Two types of predictions

  1. Prediction for the mean: “What is the average predicted number of organic vegetable options in a neighborhood with an average income of $70k?”

  2. Prediction for an individual observation: “What is the predicted number of organic vegetable options at a single HEB in a neighborhood with an average income of $70k?”

Which would you expect to be more variable? The average prediction or the prediction for an individual observation? Based on your answer, how would you expect the widths of plausible ranges for these two predictions to compare?

Uncertainty in predictions

Confidence interval for the mean outcome: \[\large{\hat{y} \pm t_{n-2}^* \times \color{purple}{\mathbf{SE}_{\hat{\boldsymbol{\mu}}}}}\]
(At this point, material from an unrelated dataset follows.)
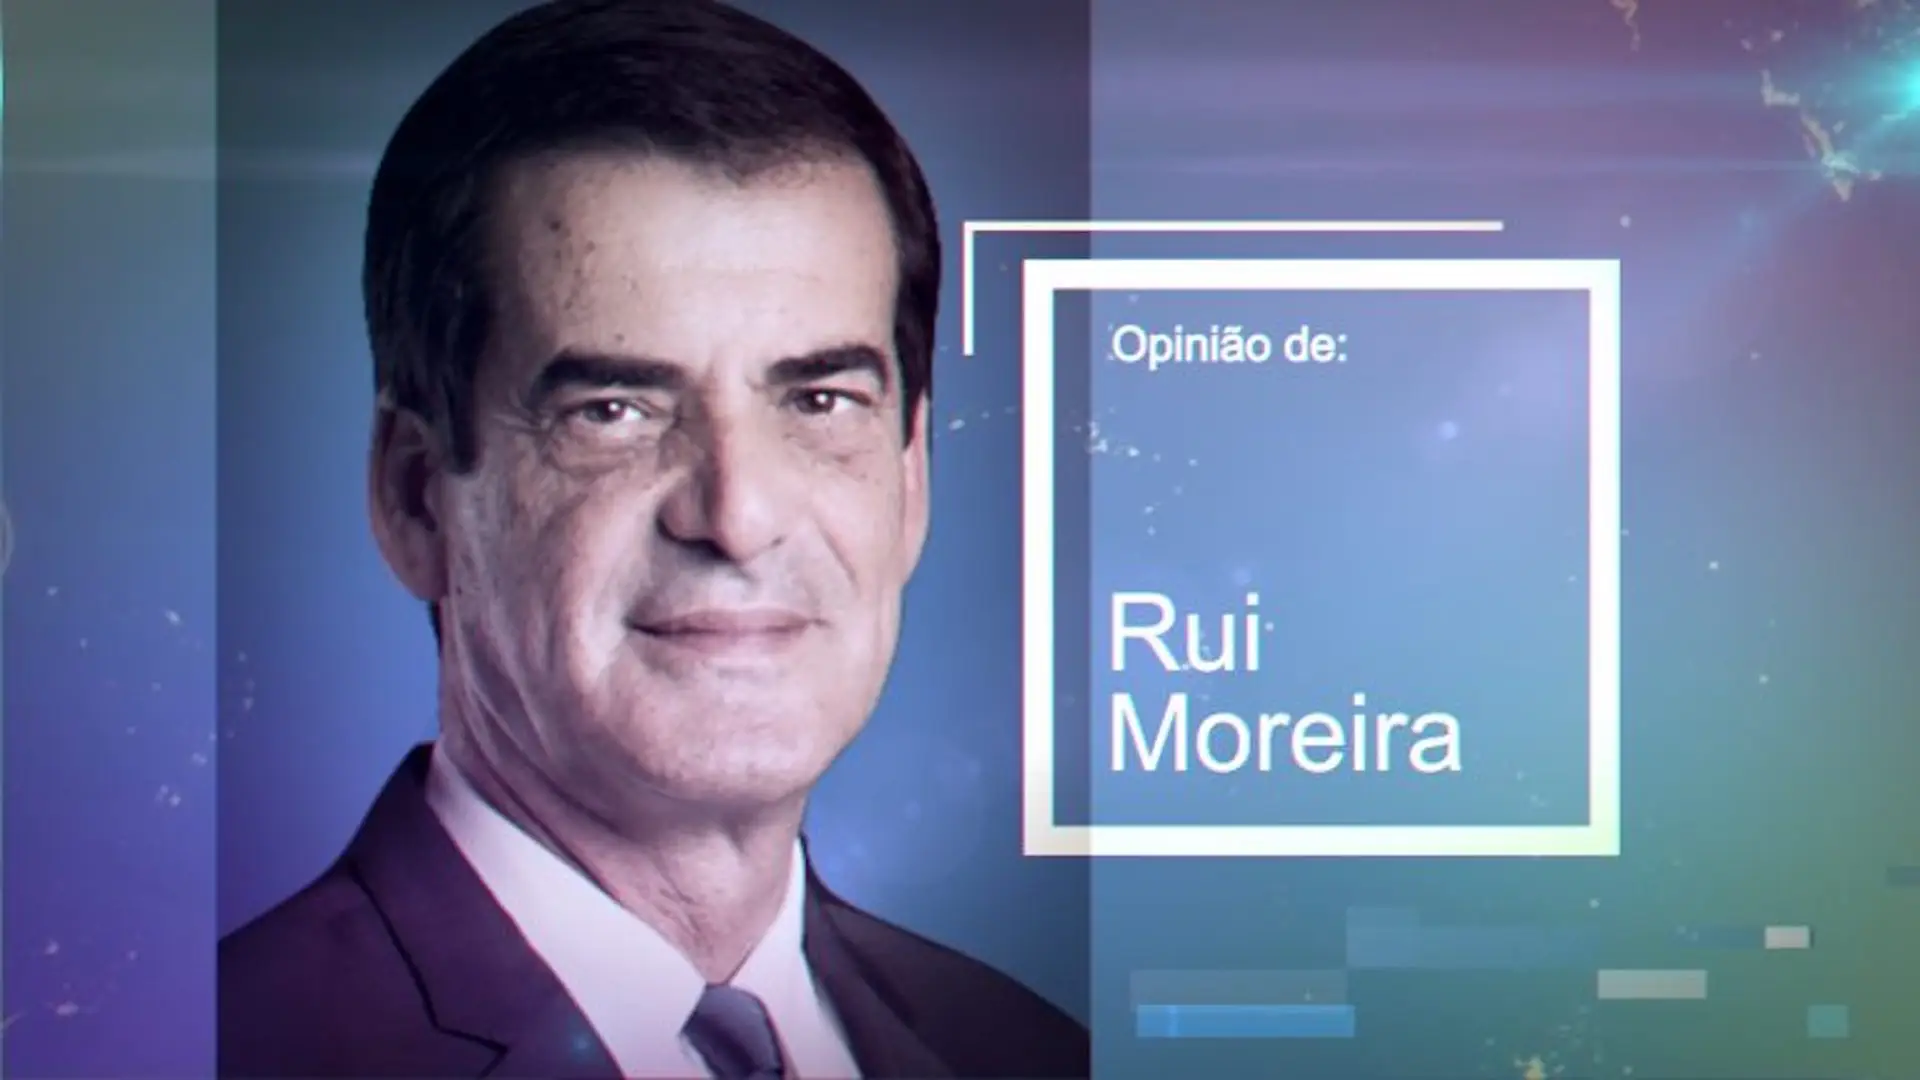 Rui Moreira Comentador Tvi24
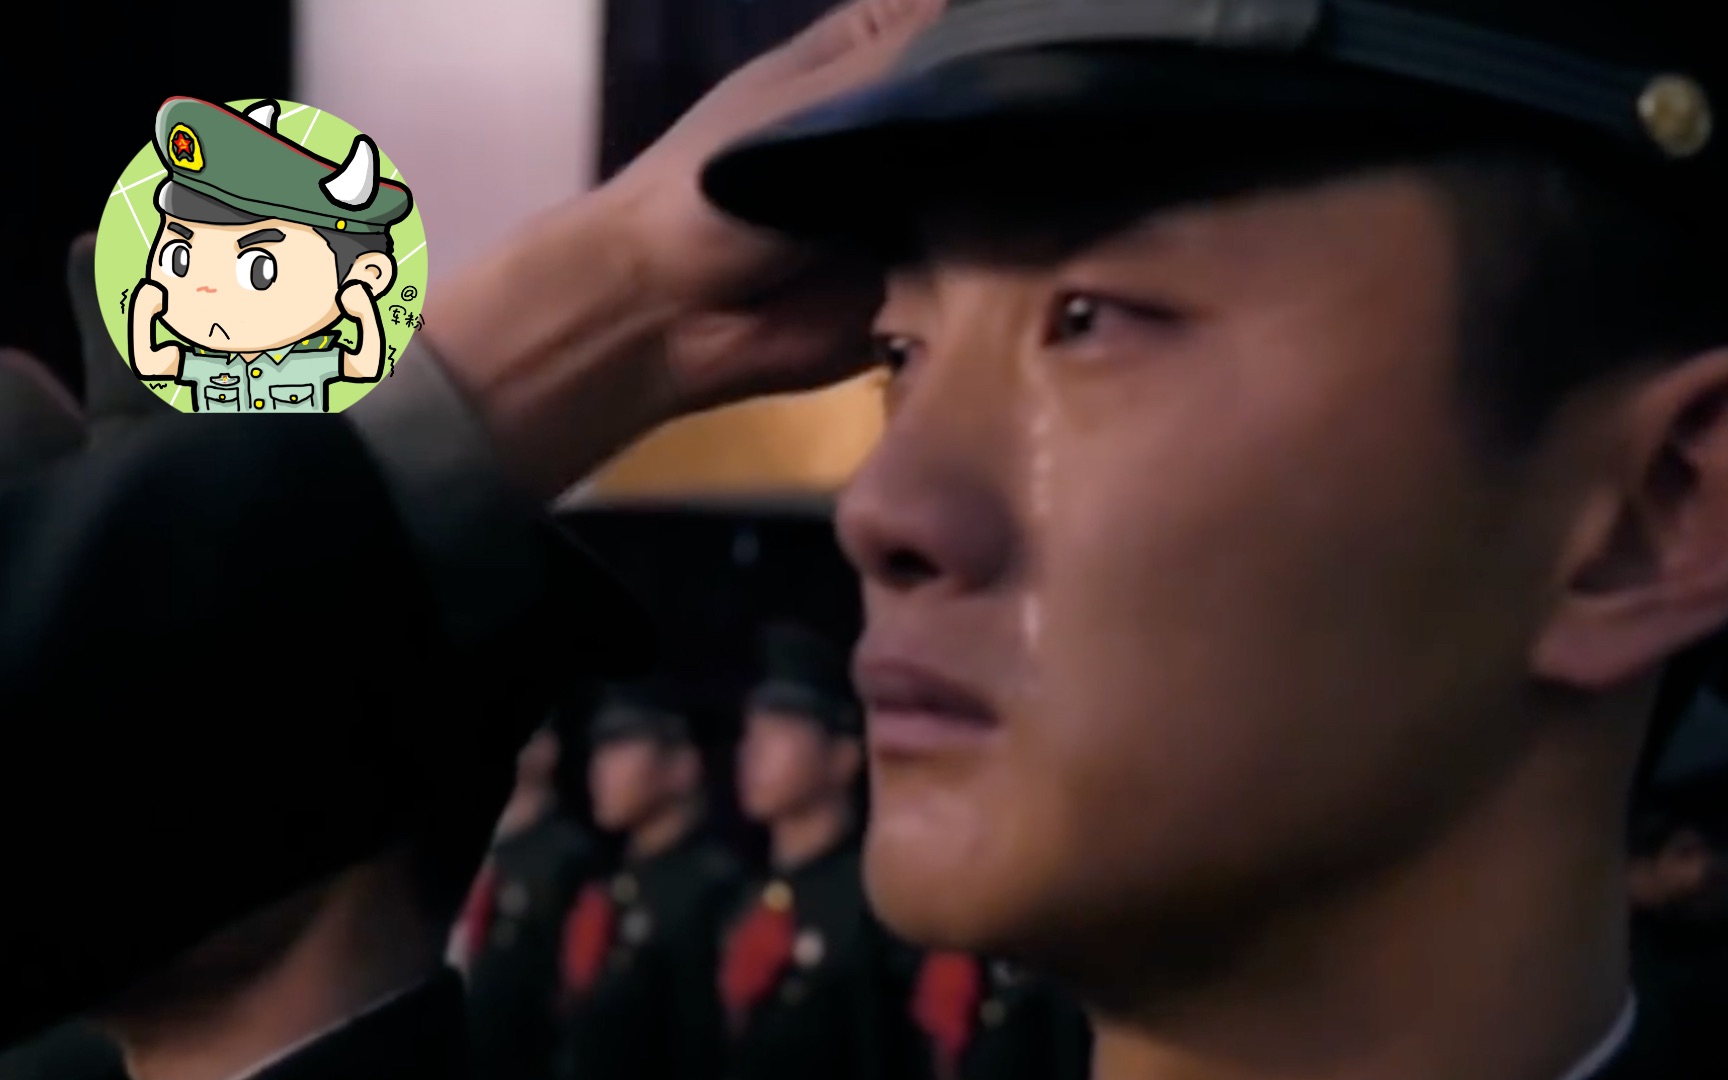 军人的眼泪图片

Prediction interval for an individual observation: \[\large{\hat{y} \pm t_{n-2}^* \times \color{purple}{\mathbf{SE_{\hat{y}}}}}\]

Standard errors

Standard error of the mean outcome: \[SE_{\hat{\mu}} = \hat{\sigma}_\epsilon\sqrt{\frac{1}{n} + \frac{(x-\bar{x})^2}{\sum\limits_{i=1}^n(x_i - \bar{x})^2}}\]

Standard error of an individual outcome: \[SE_{\hat{y}} = \hat{\sigma}_\epsilon\sqrt{1 + \frac{1}{n} + \frac{(x-\bar{x})^2}{\sum\limits_{i=1}^n(x_i - \bar{x})^2}}\]

Standard errors

Standard error of the mean outcome: \[SE_{\hat{\mu}} = \hat{\sigma}_\epsilon\sqrt{\frac{1}{n} + \frac{(x-\bar{x})^2}{\sum\limits_{i=1}^n(x_i - \bar{x})^2}}\]
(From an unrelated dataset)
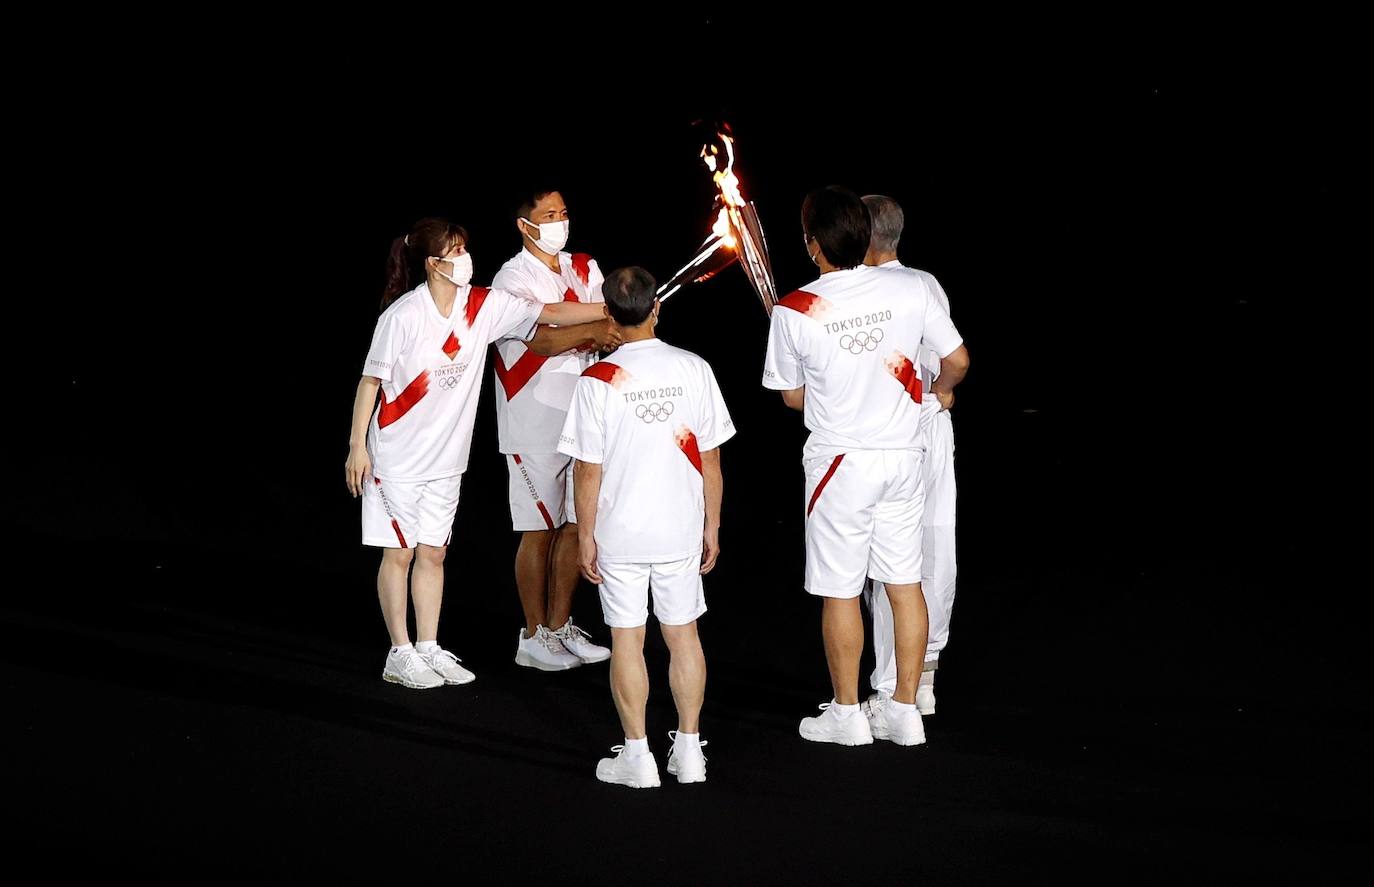 La antorcha olímpica cambia de manos durante la ceremonia de inauguración de los Juegos de Tokio 2020.

Standard error of an individual outcome: \[SE_{\hat{y}} = \hat{\sigma}_\epsilon\sqrt{\mathbf{\color{purple}{\Large{1}}} + \frac{1}{n} + \frac{(x-\bar{x})^2}{\sum\limits_{i=1}^n(x_i - \bar{x})^2}}\]

Confidence interval

The 95% confidence interval for the mean outcome:

new_neighborhood <- tibble(Avg_Income_K = 70)

predict(heb_fit, newdata = new_neighborhood, interval = "confidence", level = 0.95) |>
  kable()
fit lwr upr
52.4175 46.58558 58.24942
  • We are 95% confident that the mean number of organic vegetable options offered by HEB in a neighborhood with an average income of $70k is between 46.59 and 58.25.

Prediction interval

The 95% prediction interval for an individual outcome:

predict(heb_fit, newdata = new_neighborhood, interval = "prediction", level = 0.95) |>
  kable()
fit lwr upr
52.4175 16.48941 88.34559

We are 95% confident that the number of organic vegetable options offered by HEB in a neighborhood with an average income of $70k is between 16.49 and 88.35.

Comparing intervals

Extrapolation

Using the model to predict for values outside the range of the original data is extrapolation.

Calculate the prediction interval for the number of organic options in an extremely wealthy neighborhood with an average household income of $500k.

No, thanks!

AI Generated Image of "A very rich person eating organic vegetables"

Extrapolation

Why do we want to avoid extrapolation?